From the perspective of sentiment, different tweets expressed different sentiments (including positive, neutral, and negative sentiments). Example 3 discusses that the second COVID-19 vaccine had been successfully administered and Example 9 praises community groups for their help and support, both of which show strong positive sentiment from the users. Example 7 expresses negative sentiment since the user could not see her relatives due to the epidemic. Some other examples (ie, Examples 1, 2, 5, 6, and 8) generally express positive attitudes during the pandemic by introducing vaccination, lockdown, or volunteers. In addition, Example 4 shows an instance that expresses mixed sentiment (positive and negative), although it was labeled by SenticNet as neutral. However, SpanEmo identified some mixed emotions, which helps to overcome the limitation of SenticNet in dealing properly with expressions having mixed sentiments or emotions.
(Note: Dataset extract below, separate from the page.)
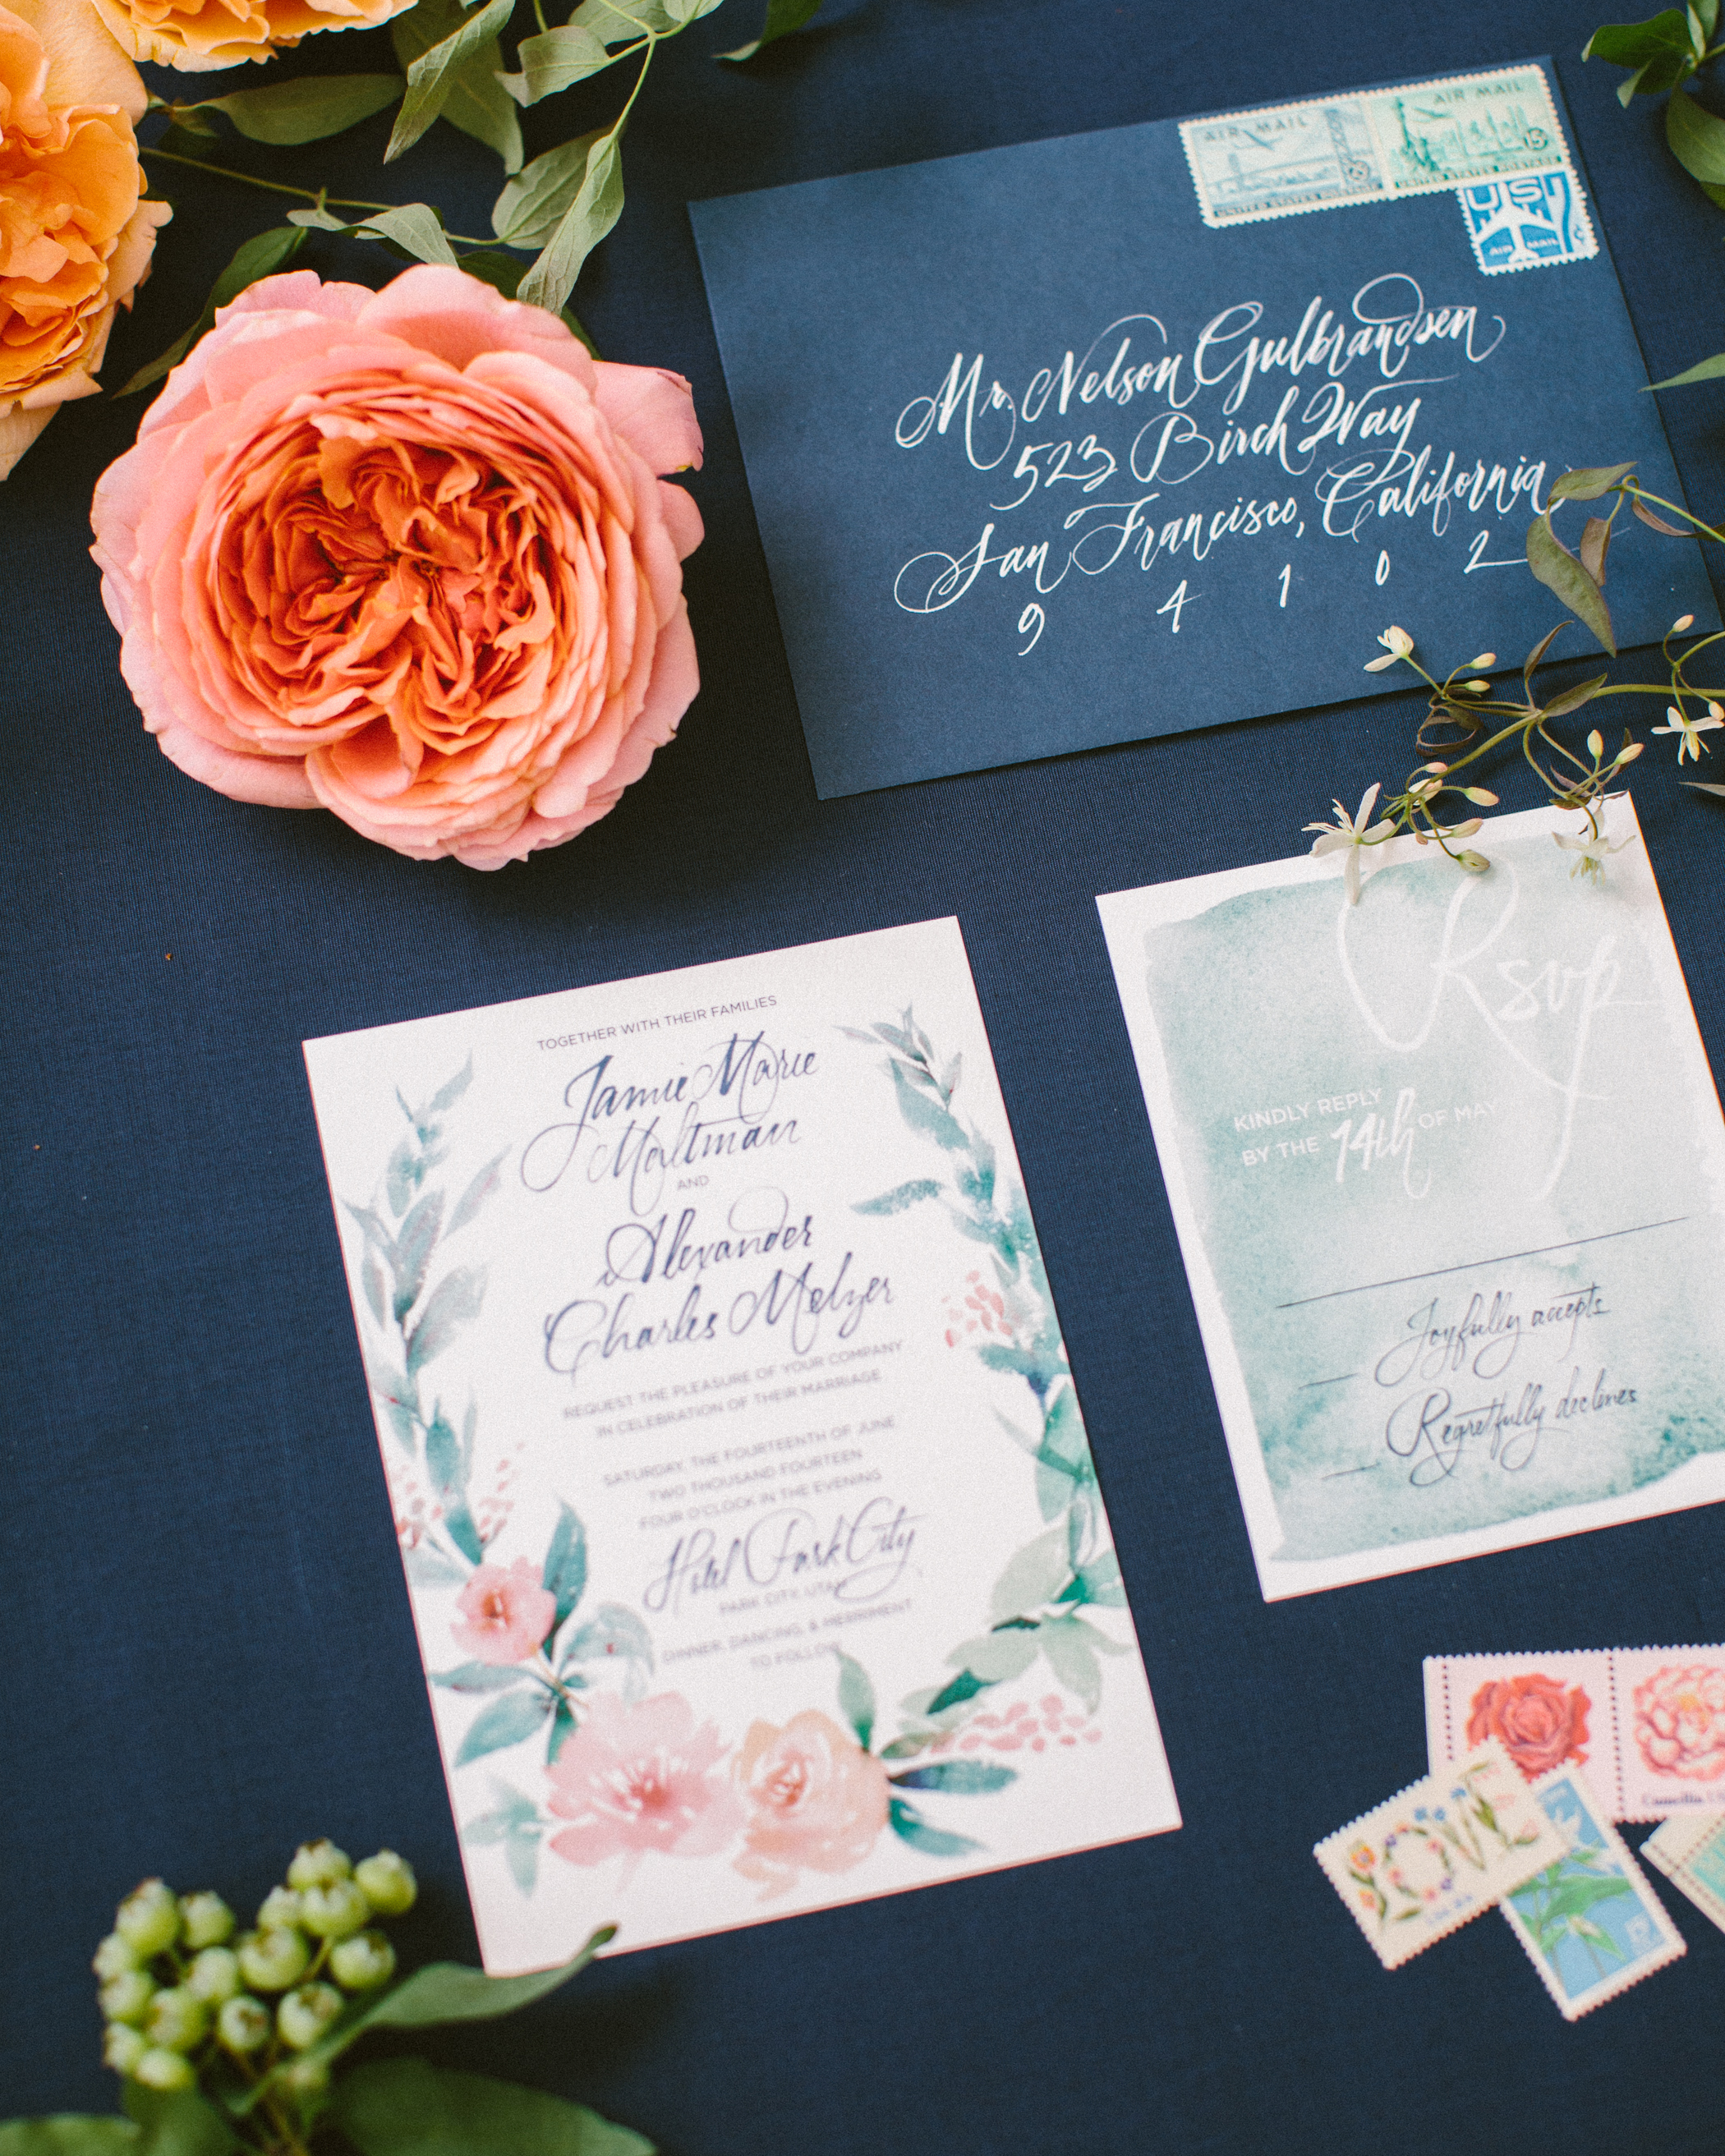 jamie-alex-wedding-invite-127-s111544-1014.jpg

Multimedia Appendix 2 also shows the top 3 topics for each example according to the probability calculated based on CTM. Examples 1, 3, and 5 belong to t7, which dominates the discussion of vaccination and boosters. Examples 4, 7, and 8 express the users’ attitudes and moods toward the impact of COVID-19 on their lives, and thus all of these were classified as t18. Examples 3 and 6 also belong to t1 (related to gratitude) because of the appearance of “thank you.” Moreover, discussion or usage of social media (t3) was expressed in some tweets (eg, Example 9).

Discussion

Principal Findings

This study explored more than 500,000 tweets related to COVID-19 between January 2020 and December 2021 in different cities of the United Kingdom, where the number of tweets increased dramatically following the outbreak. We used three deep learning–based models to analyze and combine sentiments, emotions, and topics to identify the key public concerns during the pandemic. Through our analysis, we found that emotion analysis can support understanding of people’s opinions and attitudes during the COVID-19 pandemic. Meanwhile, taking geolocation information into account can reveal differences between different areas in the United Kingdom. The overall sentiment was positive over time, and optimism was the predominant emotion, suggesting that people tend to be optimistic about the situation. There were changes in the sentiments, emotions, and topics expressed on Twitter as the epidemiological situation and government policies changed (eg, vaccination, social distancing) over these 2 years, which also reflect changes in people’s attitudes.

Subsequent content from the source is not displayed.